Single by Mouse and the Traps
- B-side: "All for You"
- Released: December 1965
- Recorded: 1965, Robin Hood Studio
- Genre: Folk rock, garage rock
- Length: 2:43
- Label: Fraternity
- Songwriter(s): Ronny "Mouse" Weiss (music) Knox Henderson (words)
- Producer(s): Robin Hood Brians

Mouse and the Traps singles chronology
|  | "A Public Execution" (1965) | "Made of Sugar, Made of Spice" (1966) |

= A Public Execution =

"A Public Execution" is a song performed and recorded by the American band Mouse and the Traps, also credited simply as Mouse, written by Ronny "Mouse" Weiss (né Ronald Lon Weiss; born 1942) (music) and Knox Henderson (né Knox Holmes Henderson; 1939–2002) (words), and first released as the group's debut single on Fraternity Records in December 1965 (see 1965 in music). The song was a big regional hit in Texas and peaked in the lower reaches of the Billboard charts, but has become better-known today, in large part, due to the band's uncanny imitation of Highway 61 Revisited-era Bob Dylan.

"A Public Execution" was originally a one-time studio-project by Weiss at Robin Hood Studios, owned by Robin Hood Brians, Jr. (born 1939), with no real expectations for commercial success. The song is based around a basic ascending tandem guitar-organ riff that has a striking similarity to Dylan's "Like a Rolling Stone". It's Dylanesque characteristics continue with Weiss's lead vocal, described by music historian Richie Unterberger as being "like vintage Dylan, a grinning, surrealistic, half-spoken rant" at a specific woman that boasted about being better-off without her. Weiss's homage, borderline parody, to Dylan concludes with an enthusiastic yowl, again, a detail featured on "Like a Rolling Stone". Unterberger goes on to characterize "A Public Execution" as "one of the few rip-offs so utterly accurate that it could easily fool listeners into believing it was the original article". Arguably, the tune is among the most accurate Dylan imitations to emerge from the era, not even replicated by Mouse and the Traps on their later recordings.

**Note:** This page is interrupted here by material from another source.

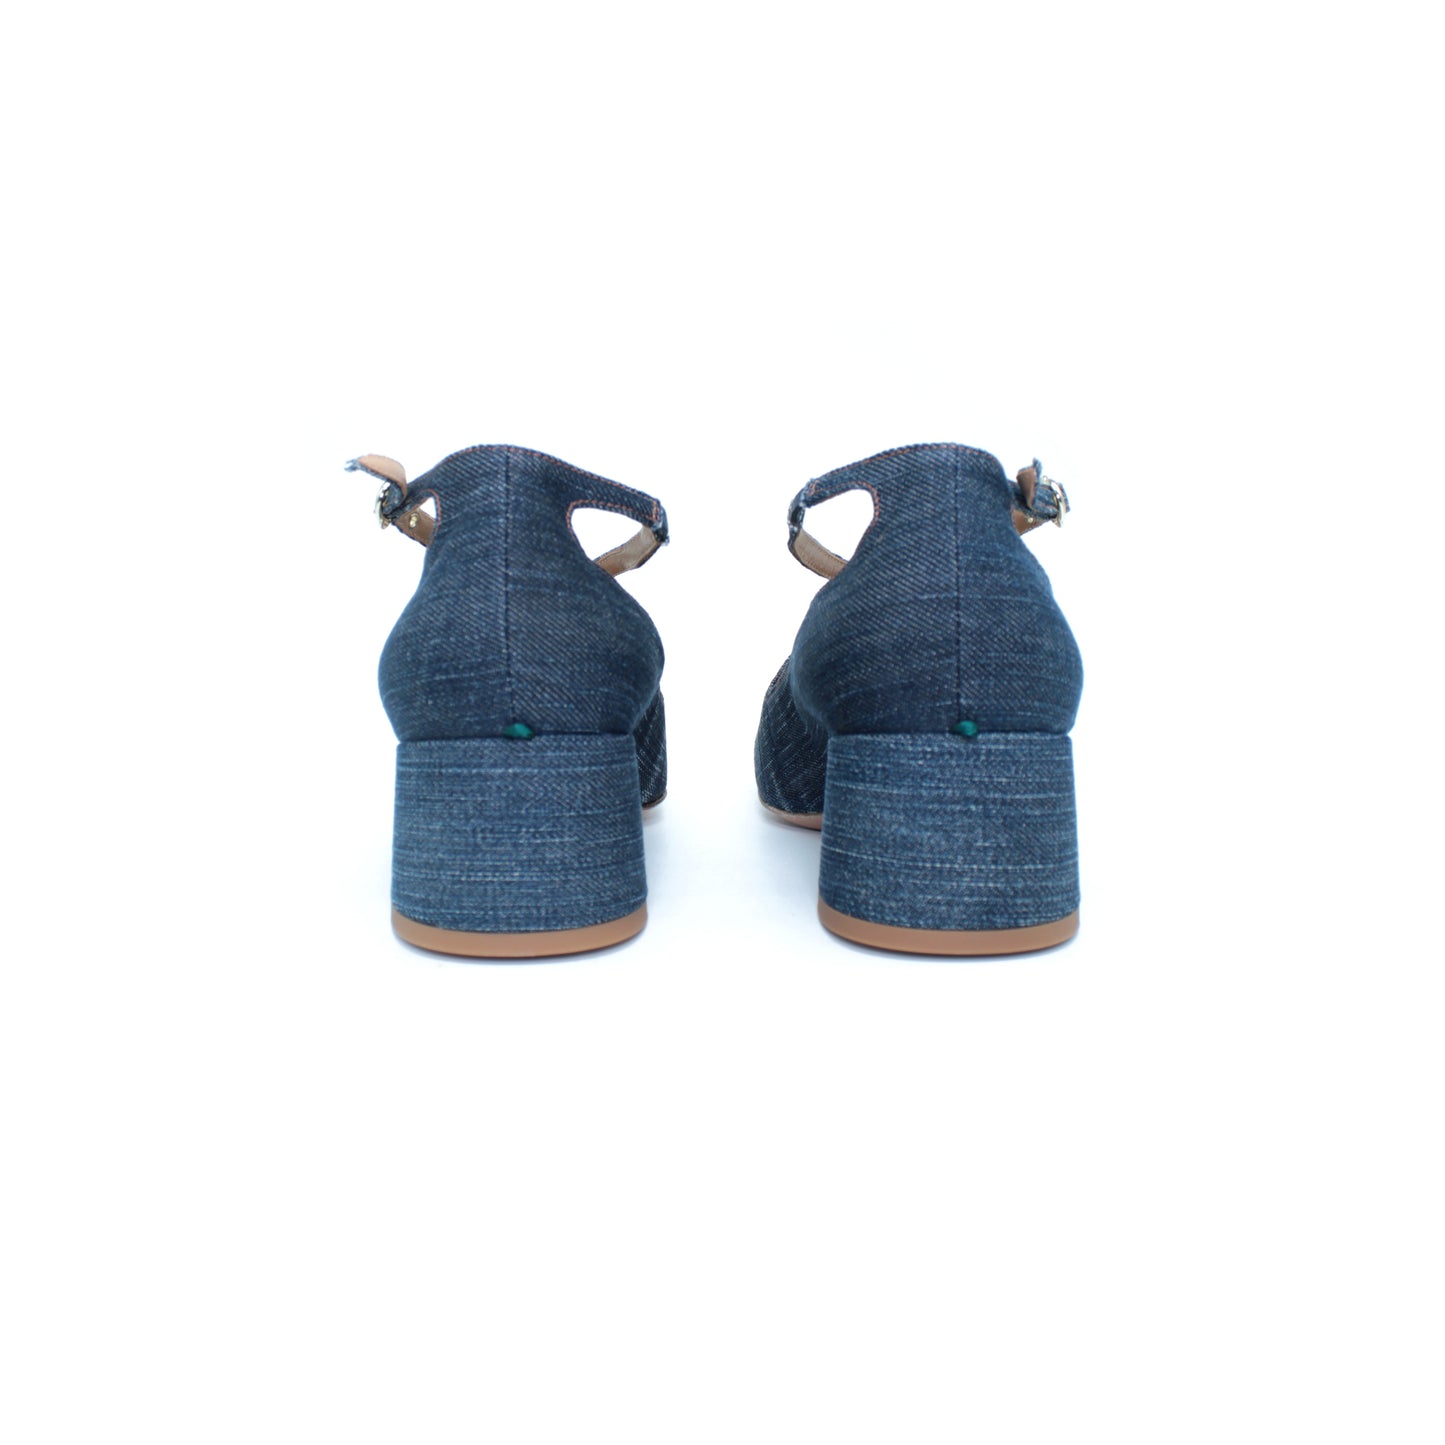 Pump Two for Love in recycled denim 04 - EXCLUSIVE ONLINE

Upon release, "A Public Execution" bubbled under the Billboard Hot 100 at number 121. It was a tremendous regional hit for the group and proved to be their most successful release. The tune has since gained wider recognition for being featured on the groundbreaking album Nuggets: Original Artyfacts from the First Psychedelic Era, 1965-1968 in 1972, along with other Nuggets releases More Nuggets, Volume 2 and Nuggets: Volume 6, Punk Part 2. In later years, the song has appeared on the compilation albums Public Execution and The Fraternity Years.